Discipline of Orthodontics and Paediatric Dentistry, School of Dentistry, Faculty of Medicine and Health, The University of Sydney; Department of Orthodontics, Sydney Dental Hospital, Sydney Local Health District, Surry Hills, Australia.
Clinic of Orthodontics and Pediatric Dentistry, Center of Dental Medicine, University of Zurich, Zurich, Switzerland.
Eur J Orthod. 2021 Jun 8;43(3):254-264. doi: 10.1093/ejo/cjaa031.
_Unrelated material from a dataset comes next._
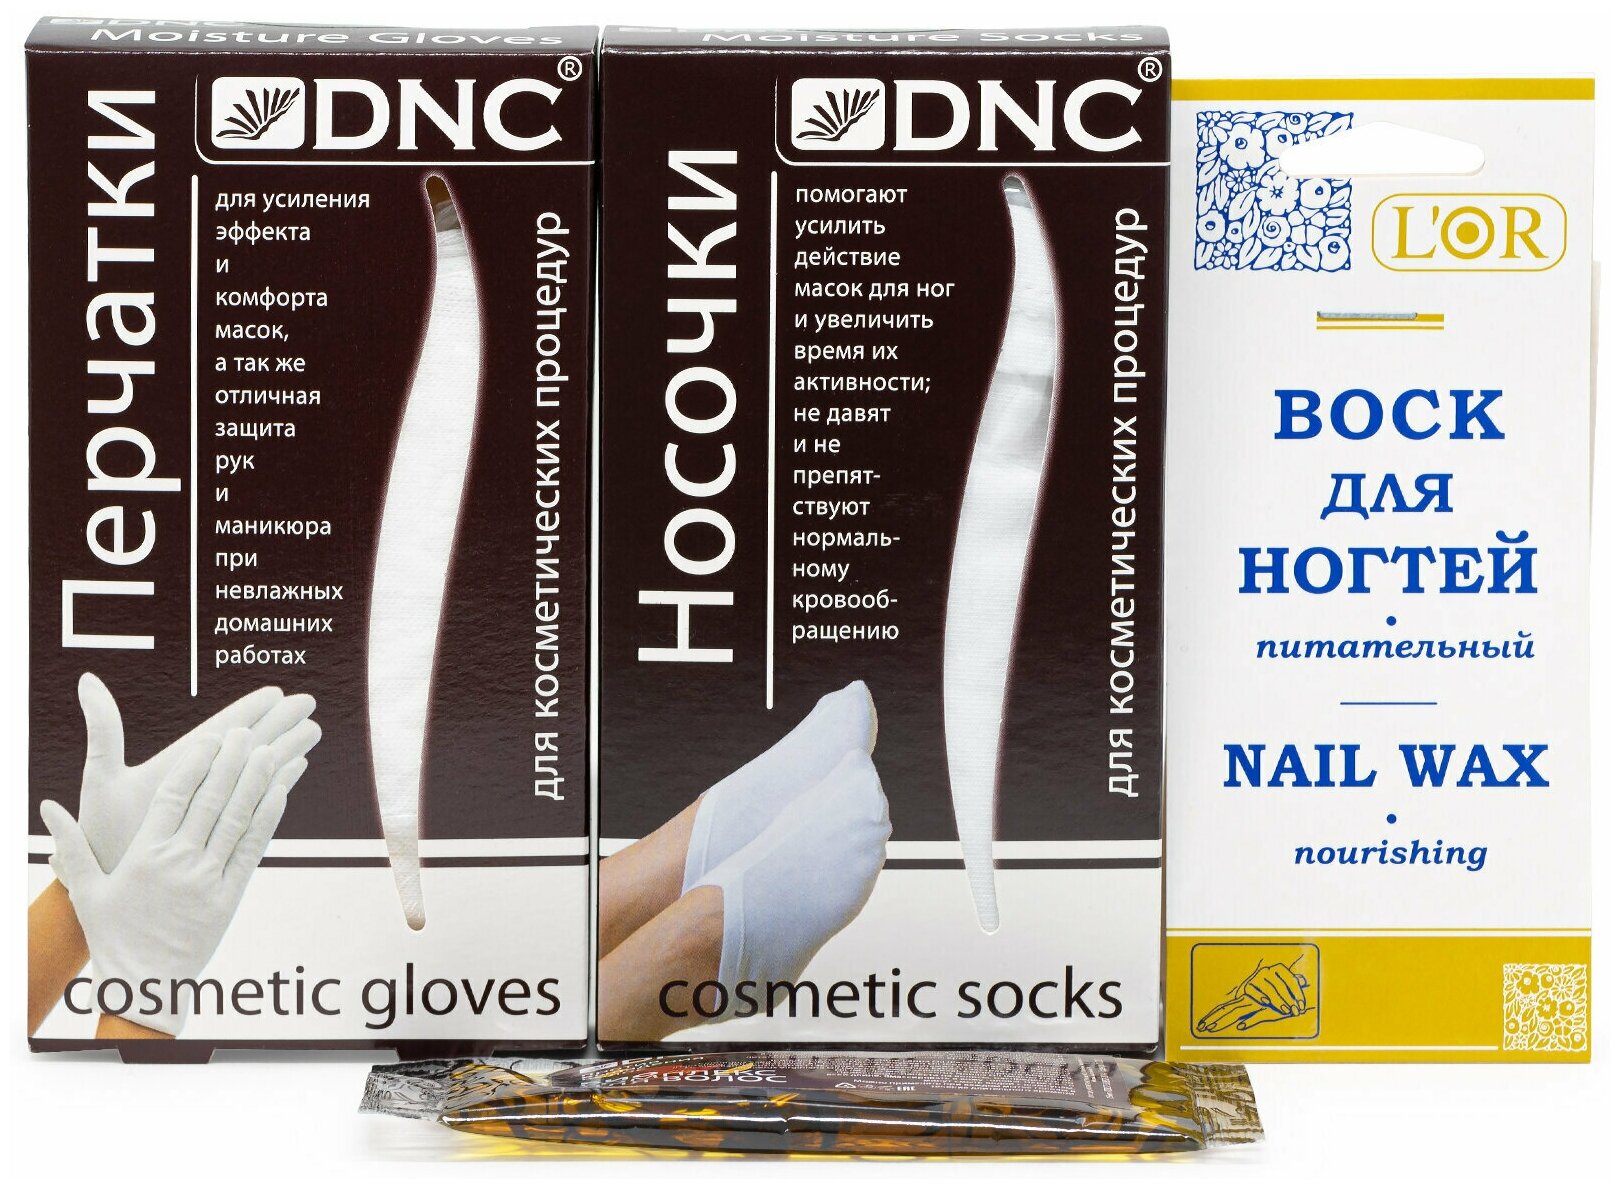 Набор: DNC Перчатки, Носочки, L'Or Воск для ногтей питательный 5 мл и подарок Масло для волос 15 мл

To assess upper airway volume changes after rapid maxillary expansion (RME) with three different expanders.
Three-arm parallel randomized clinical trial.
Sixty-six patients, 10-16 years old, in permanent dentition, with maxillary transverse deficiency were recruited and assigned with block randomization (1:1:1 ratio) and allocation concealment to three groups of 22 patients each (Hyrax, Hybrid-Hyrax, and Keles keyless expander). The primary outcome (overall upper airway volume change) and secondary outcomes (volume changes in the nasal cavity, nasopharynx, oropharynx, and hypopharynx) were blindly assessed on the initial (T0) and final (T1, 6 months at appliance removal) cone beam computed tomography. Differences across groups were assessed with crude or adjusted for confounders (gender, age, growth stage, skeletal pattern, baseline airway volume, and amount of expansion) linear regression models.
Fifty-one patients were analysed (19, 19, and 13 in the Hyrax, Hybrid-Hyrax, and Keles groups). Maxillary expansion resulted in considerable increases in total airway volume in the Hybrid-Hyrax group (+5902.1 mm3) and less in the Hyrax group (+2537.9 mm3) or the Keles group (+3001.4 mm3). However, treatment-induced changes for the primary and all secondary outcomes were of small magnitude and no significant difference was seen among the three expanderes in the total airway volume in either crude or adjusted analyses (P > 0.05 in all instances). Finally, among pre-peak patients (CVM 1-3), the Hybrid-Hyrax expander was associated with significantly greater increases in total airway volume compared to the Hyrax expander (P = 0.02).
RME resulted in relatively small increases in total upper airway volume and its separate compartments, with mostly no statistically significant differences across the Hyrax, Hybrid-Hyrax, and Keles groups.
Significantly greater attrition was found in the Keles group due to appliance failure. The current trial might possibly be under-powered to detect differences between groups, if such exist.
Keles expanders blocked during activations and required substitution for completion of treatment.
The protocol was not published before trial commencement.
Australian and New Zealand Clinical Trial Registry (ACTRN12617001136392).
评估三种不同扩弓器对上颌骨快速扩弓(RME)后的气道容积变化。
三臂平行随机临床试验。
66 名年龄在 10-16 岁、恒牙期、上颌骨横向发育不足的患者,采用区组随机化(1:1:1 比例)和分配隐藏法分为三组,每组 22 名患者(Hyrax、Hybrid-Hyrax 和 Keles 无钥匙扩弓器)。主要结局(总气道容积变化)和次要结局(鼻腔、鼻咽、口咽和下咽的容积变化)在初始(T0)和最终(T1,矫治器去除后 6 个月)锥形束 CT 上进行盲法评估。使用未经调整和调整混杂因素(性别、年龄、生长阶段、骨骼模式、基线气道容积和扩弓量)的线性回归模型评估组间差异。
51 名患者纳入分析(Hyrax、Hybrid-Hyrax 和 Keles 组分别为 19、19 和 13 名)。上颌骨扩弓导致 Hybrid-Hyrax 组总气道容积显著增加(+5902.1mm³),Hyrax 组增加较少(+2537.9mm³)或 Keles 组增加较少(+3001.4mm³)。然而,主要和所有次要结局的治疗诱导变化幅度较小,在未经调整和调整分析中,三种扩弓器在总气道容积方面均无显著差异(所有情况下 P>0.05)。最后,在预高峰患者(CVM 1-3)中,与 Hyrax 扩弓器相比,Hybrid-Hyrax 扩弓器与总气道容积显著增加相关(P=0.02)。
RME 导致总上气道容积及其各部分容积的相对较小增加,Hyrax、Hybrid-Hyrax 和 Keles 组之间大多无统计学显著差异。
由于矫治器故障,Keles 扩弓器组的失访率显著增加。如果存在差异,当前试验可能没有足够的能力来检测组间差异。
Keles 扩弓器在激活过程中被堵塞,需要更换以完成治疗。
试验开始前未发布方案。
澳大利亚和新西兰临床试验注册中心(ACTRN12617001136392)。